Originally isolated in Japan, polymyxin drugs are derived from the bacteria Bacillus polymyxa. They are considered gram-positive organisms that, when confronted by gram-negative bacterias like the cocci and bacilli families, latch onto the phospholipid shells of those cells and commence to destroy them one-by-one, inside and out. Though polymyxin E is commonly included in follow-up antibiotic treatments, so too is its cousin, polymyxin B.
Available by injection, inhaler, and oral suspension or pill, colistin is often turned to when other antibiotics have been ineffective at battling an infection from bacteria like Haemophilus influenzae, Pseudomonas aeruginosa, E. coli, Acinetobacter, Salmonella and Shigella. Some strains of these bacterias have proven drug-resistant to the most common antibiotics in recent decades, but not colistin. Scientists also have verified the drug's effectiveness in treating pneumonia in patients with cystic fibrosis — a presumably genetic condition marked by copious mucus in the lungs and digestive tract.
Two delivery systems for colistin are typically available — colistimethate sodium and colistin sulfate. The latter compound is administered primarily in response to digestive disorders.

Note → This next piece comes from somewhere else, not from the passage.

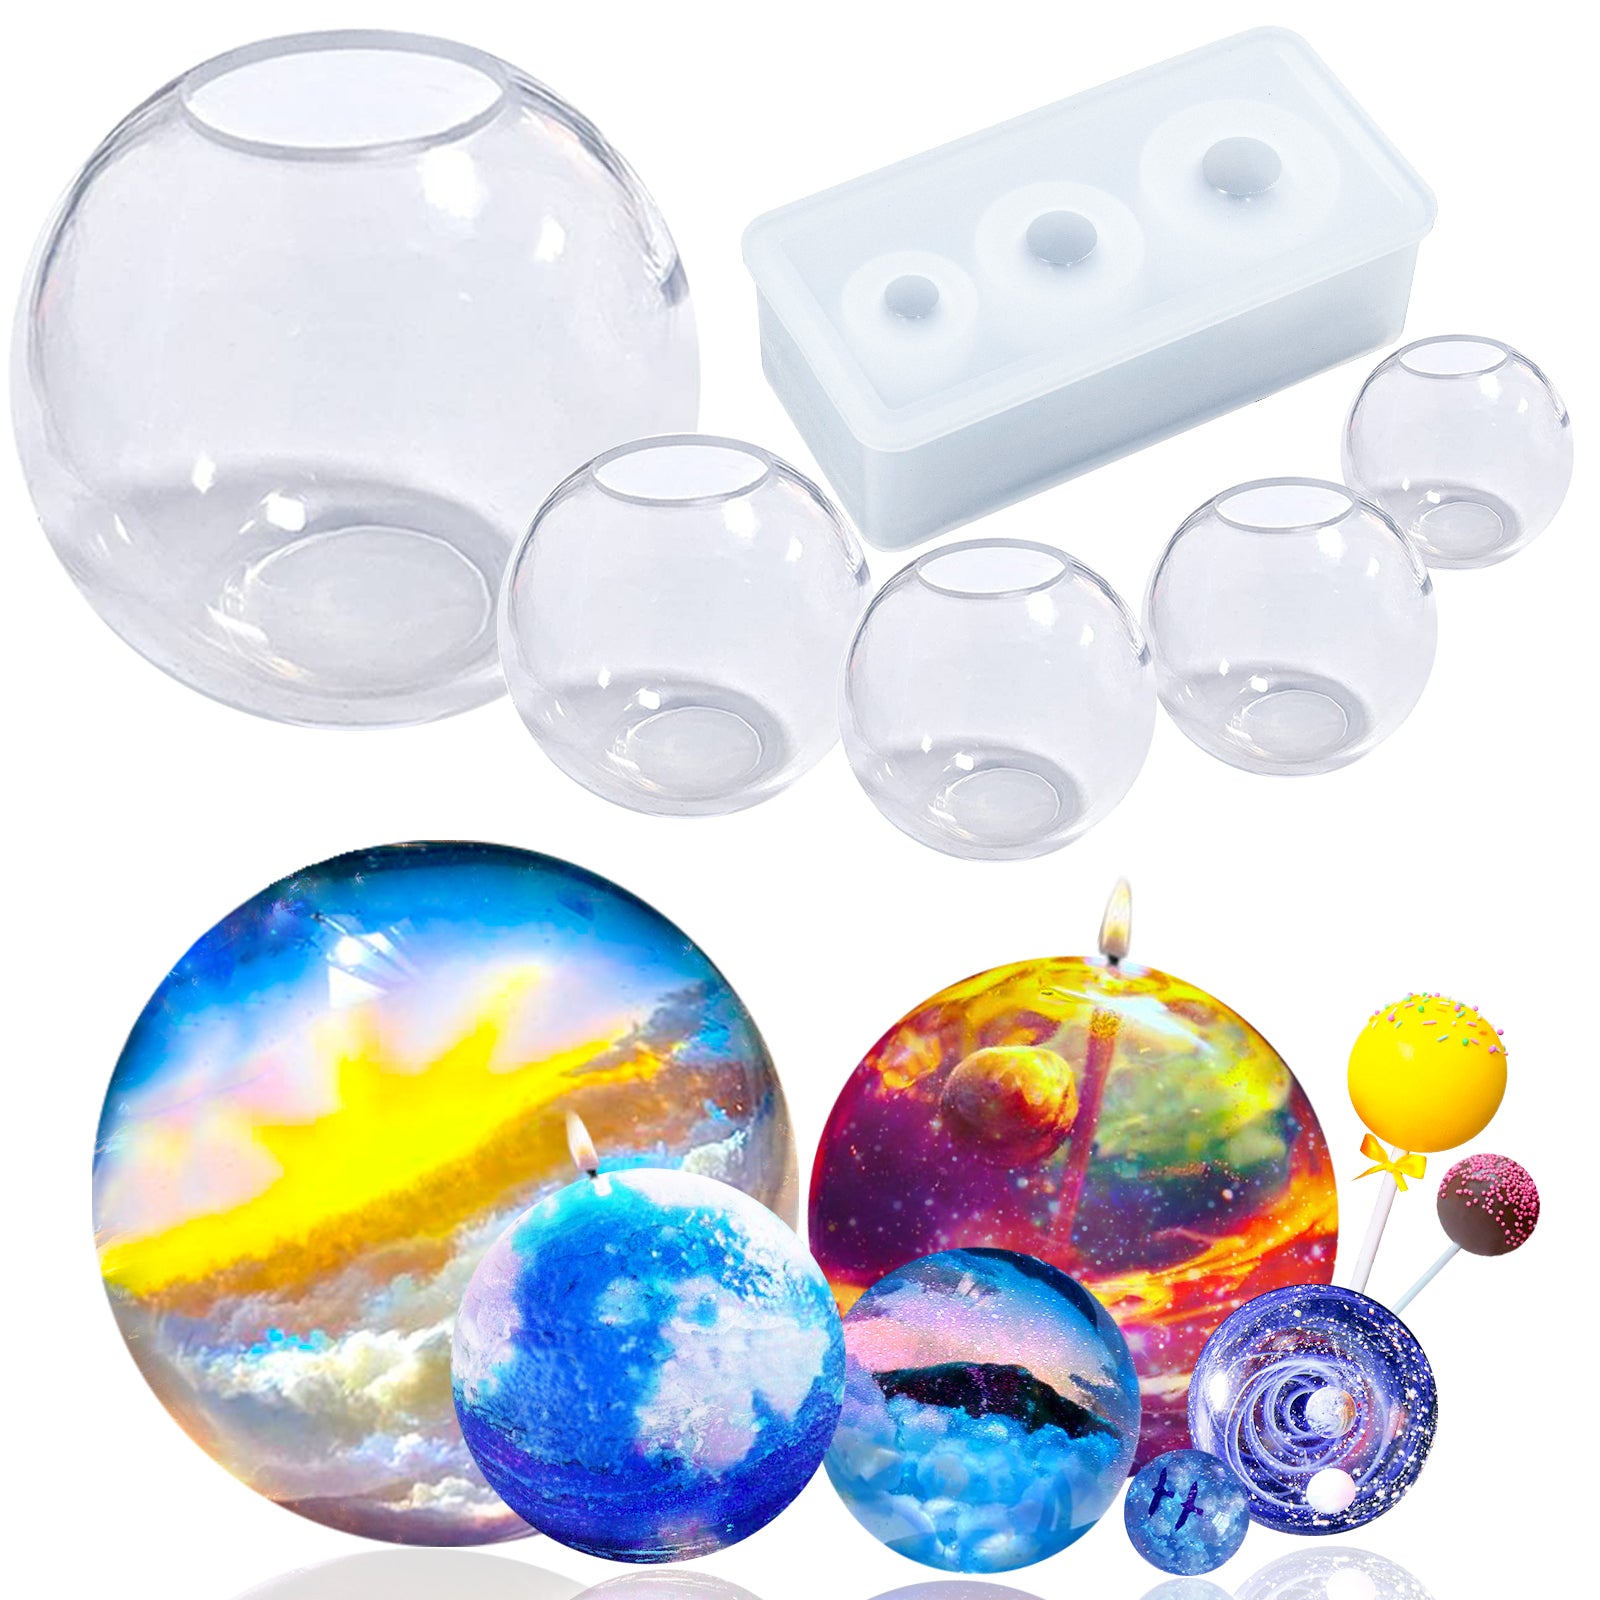 FUNSHOWCASE 4inch Large Sphere Round Silicone Mold for Resin Epoxy, Jewelry  Making, Candle Wax, Homemade Soap, Bath Bomb

Colistimethate sodium is the workhorse assigned to kill bacteria in those with cystic fibrosis and others with bacterial infections not responding to ordinary antibiotic cocktails.

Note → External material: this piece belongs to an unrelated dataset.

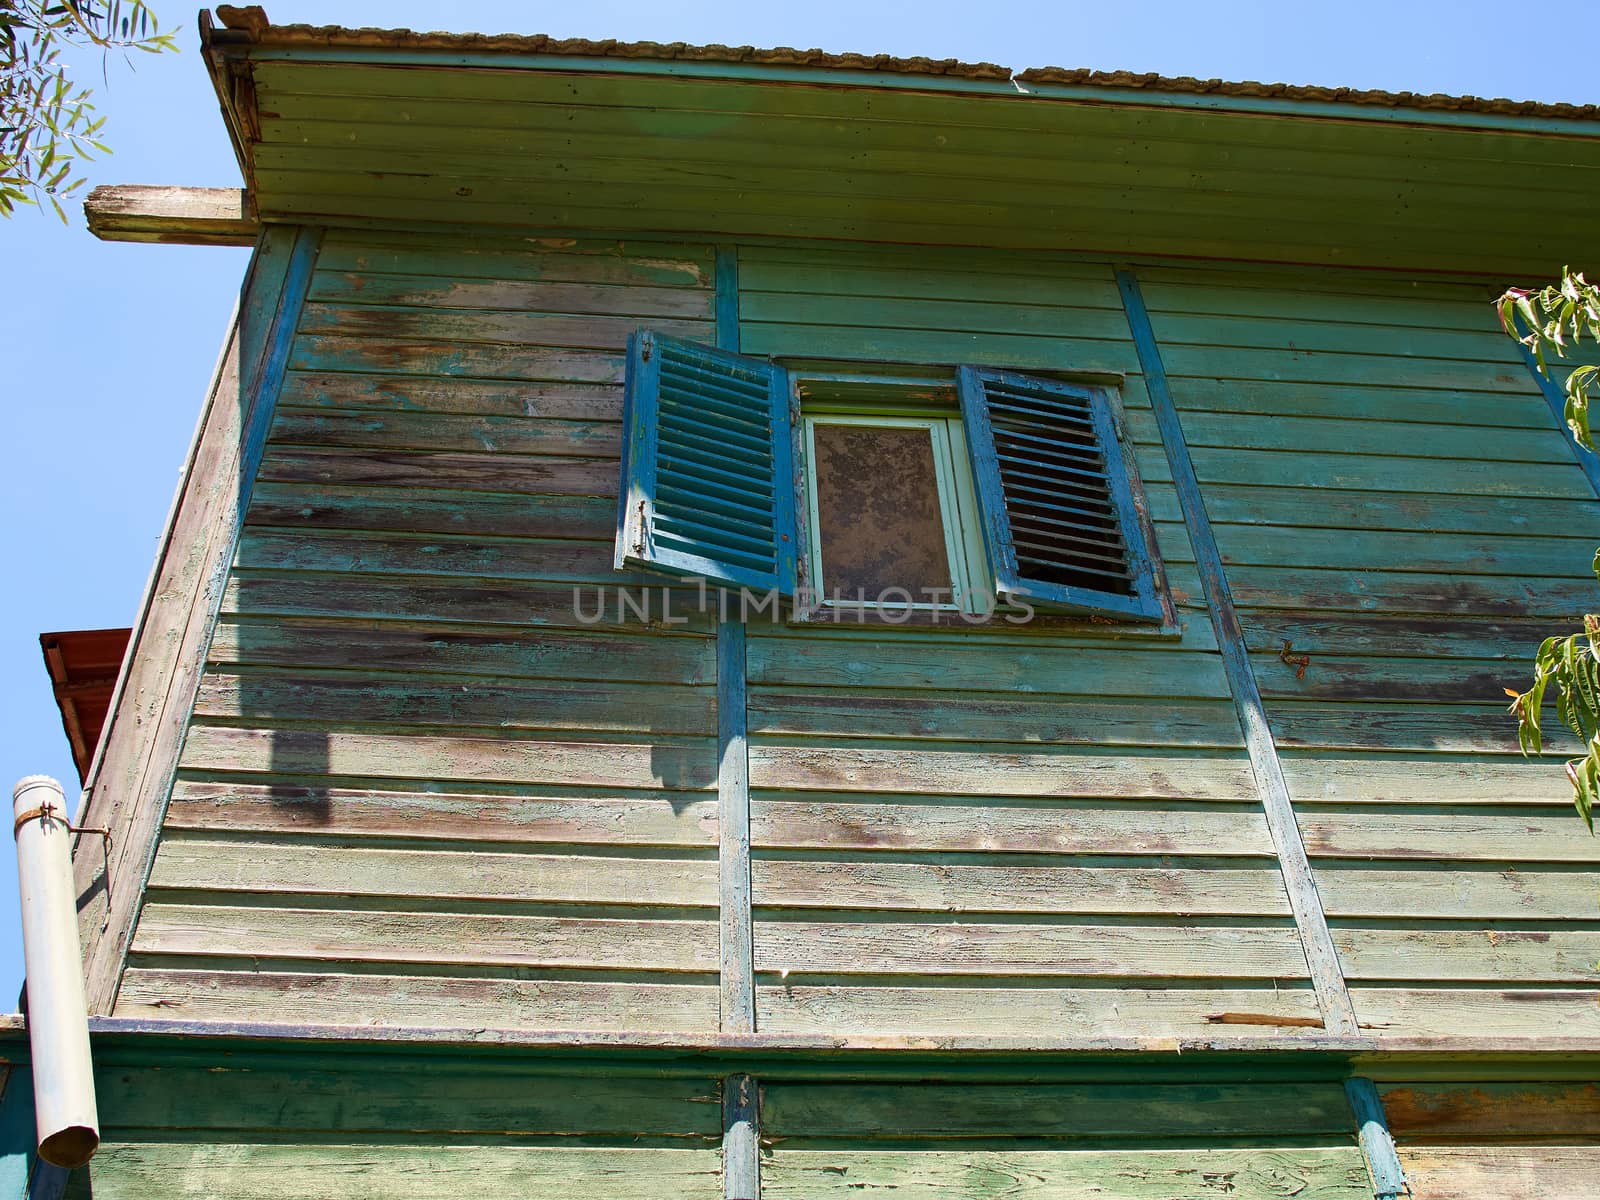 Details of an old weathered abandoned western colonial style wooden house shed

Colistin is usually reserved as a last resort due to it being not only neurotoxic to the nervous system, but also nephrotoxic to the kidneys. These characteristics can lead to symptoms ranging from a loss of sensation, headache and wooziness to a rash, respiratory discomfort and vertigo — particularly if the patient is taking a high or prolonged dosage. Due to these potential difficulties, other antibiotics are more likely to be the first line of defense. Depending on the type and location of the infection, doctors may prescribe an aminoglycoside, penicillin, tetracycline, fluoroquinolone or macrolide antibiotic. Only after determining that another type of antibiotic is it likely that a doctor will recommend a polymyxin.